一、MapReduce/Hadoop的二次排序解决方案(点击打开)
二、Spark的二次排序解决方案
方案1:同(一)的方案1,将一个给定键的所有值读取并缓存到一个List数组(Array)数据结构中,然后对这些值进行排序。如果内存不够放,则无法实现
方案2:同(一)的方案2,“会为自然键增加部分或整个值来创建一个组合键以实现排序目标”
三、代码实现(一):使用Spark Java API 中的groupByKey实现方案1(Java原始语法、lambda语法)
package ercipaixu_spark1;
// STEP-0: import required Java/Spark classes.
import java.util.List;
import java.util.SortedMap;
import java.util.TreeMap;
//
import scala.Tuple2;
//
import org.apache.spark.api.java.JavaRDD;
import org.apache.spark.api.java.JavaPairRDD;
import org.apache.spark.api.java.JavaSparkContext;
import org.apache.spark.api.java.function.Function;
import org.apache.spark.api.java.function.PairFunction;
import org.apache.spark.api.java.function.Function2;
//
/**
* SecondarySortUsingCombineByKey class implements the secondary sort design pattern
* by using combineByKey().
*
*
* Input:
*
* name, time, value
* x,2,9
* y,2,5
* x,1,3
* y,1,7
* y,3,1
* x,3,6
* z,1,4
* z,2,8
* z,3,7
* z,4,0
* p,1,10
* p,3,60
* p,4,40
* p,6,20
*
* Output: generate a time-series looking like this:
*
* t1 t2 t3 t4 t5 t6
* x => [3, 9, 6]
* y => [7, 5, 1]
* z => [4, 8, 7, 0]
* p => [10, null, 60, 40, null , 20]
*
* x => [(1,3), (2,9), (3,6)] where 1 < 2 < 3
* y => [(1,7), (2,5), (3,1)] where 1 < 2 < 3
* z => [(1,4), (2,8), (3,7), (4,0)] where 1 < 2 < 3 < 4
* p => [(1,10), (3,60), (4,40), (6,20)] where 1 < 3 < 4 < 6
*
* @author Mahmoud Parsian
*
*/
public class SecondarySortUsingCombineByKey {
public static void main(String[] args) throws Exception {
args = new String[2];
args[0] = "/media/chenjie/0009418200012FF3/ubuntu/sample_input.txt";
args[1] = "/media/chenjie/0009418200012FF3/ubuntu/sample_output";
// STEP-1: read input parameters and validate them
if (args.length < 2) {
System.err.println("Usage: SecondarySortUsingCombineByKey <input> <output>");
System.exit(1);
}
String inputPath = args[0];
System.out.println("inputPath=" + inputPath);
String outputPath = args[1];
System.out.println("outputPath=" + outputPath);
// STEP-2: Connect to the Sark master by creating JavaSparkContext object
final JavaSparkContext ctx = SparkUtil.createJavaSparkContext("local","spark1");
// STEP-3: Use ctx to create JavaRDD<String>
// input record format: <name><,><time><,><value>
JavaRDD<String> lines = ctx.textFile(inputPath, 1);
// STEP-4: create (key, value) pairs from JavaRDD<String> where
// key is the {name} and value is a pair of (time, value).
// The resulting RDD will be JavaPairRDD<String, Tuple2<Integer, Integer>>.
// convert each record into Tuple2(name, time, value)

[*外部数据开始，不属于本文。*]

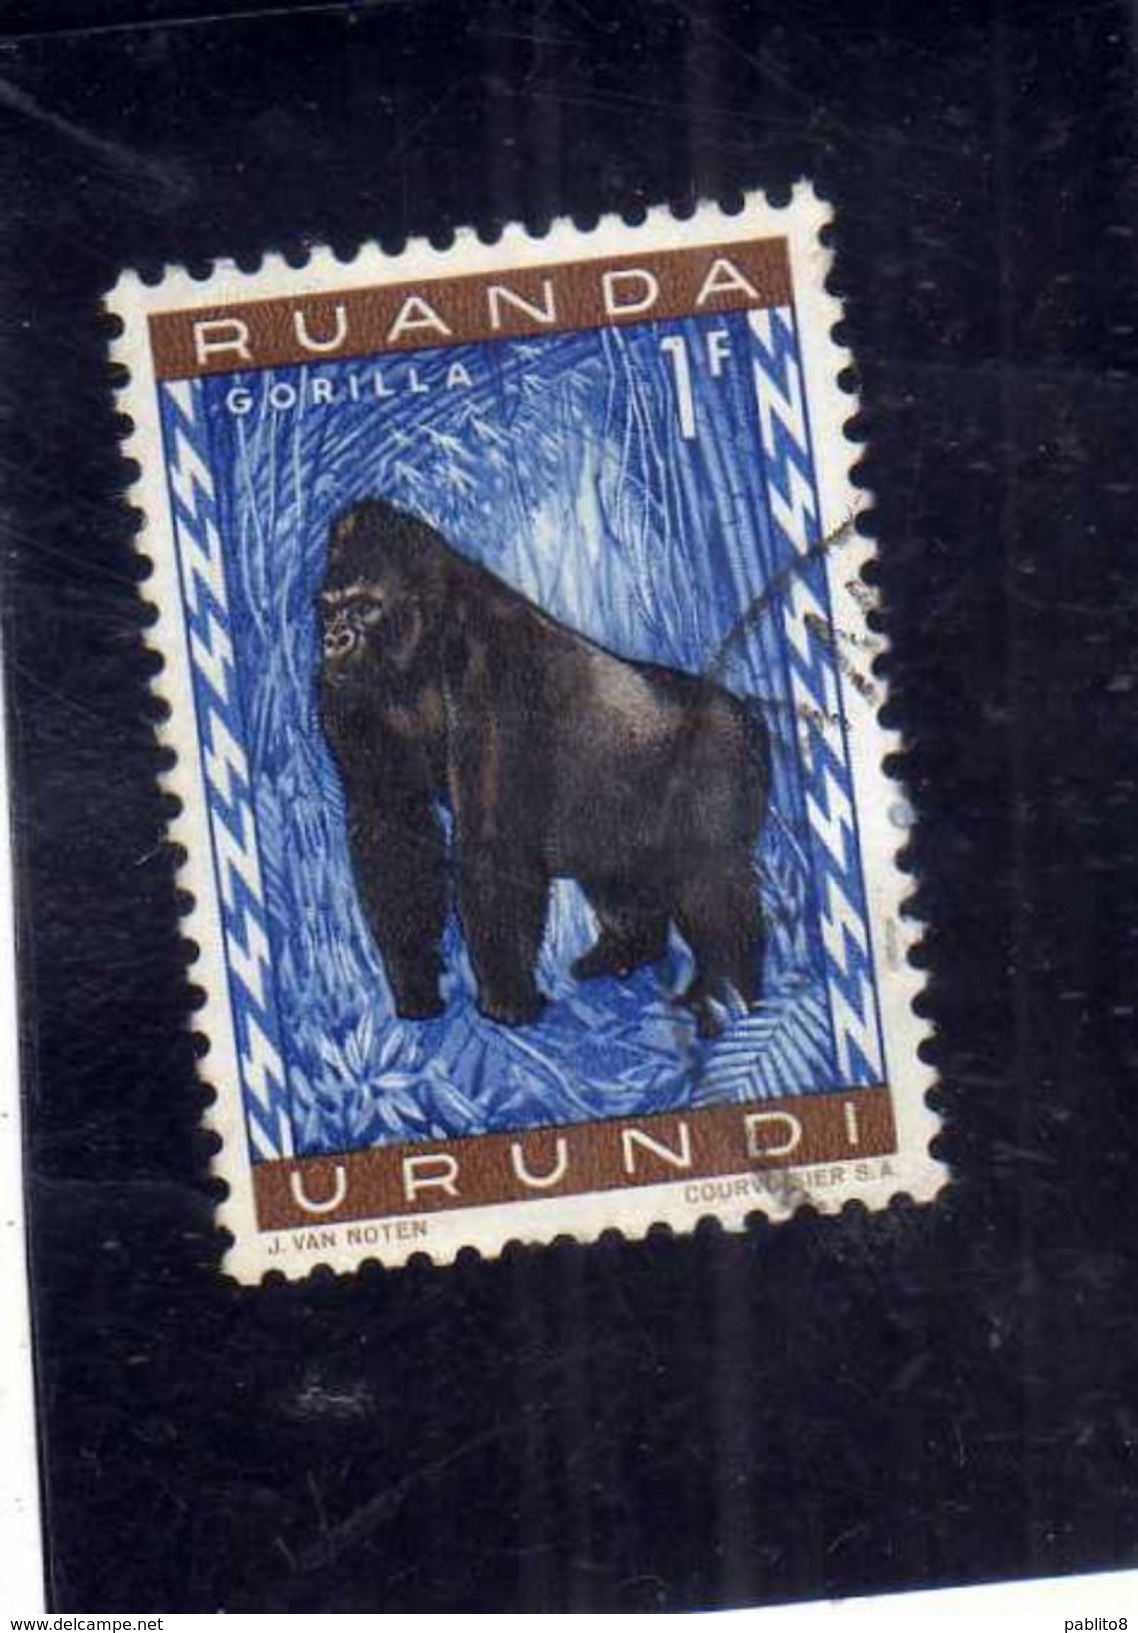 RUANDA URUNDI 1959 1961 FAUNA GORILLA ANIMALS SCIMPANZE' ANIMALI 1F USATO USED OBLITERE' - Nuovi

// PairFunction<T, K, V> T => Tuple2(K, V) where K=String and V=Tuple2<Integer, Integer>
// input K V
System.out.println("=== DEBUG STEP-4 ===");
JavaPairRDD<String, Tuple2<Integer, Integer>> pairs = lines.mapToPair(new PairFunction<String, String, Tuple2<Integer, Integer>>() {
@Override
public Tuple2<String, Tuple2<Integer, Integer>> call(String s) {
String[] tokens = s.split(","); // x,2,5
System.out.println(tokens[0] + "," + tokens[1] + "," + tokens[2]);
Tuple2<Integer, Integer> timevalue = new Tuple2<Integer, Integer>(Integer.parseInt(tokens[1]), Integer.parseInt(tokens[2]));
return new Tuple2<String, Tuple2<Integer, Integer>>(tokens[0], timevalue);
}
});
// STEP-5: validate STEP-4, we collect all values from JavaPairRDD<> and print it.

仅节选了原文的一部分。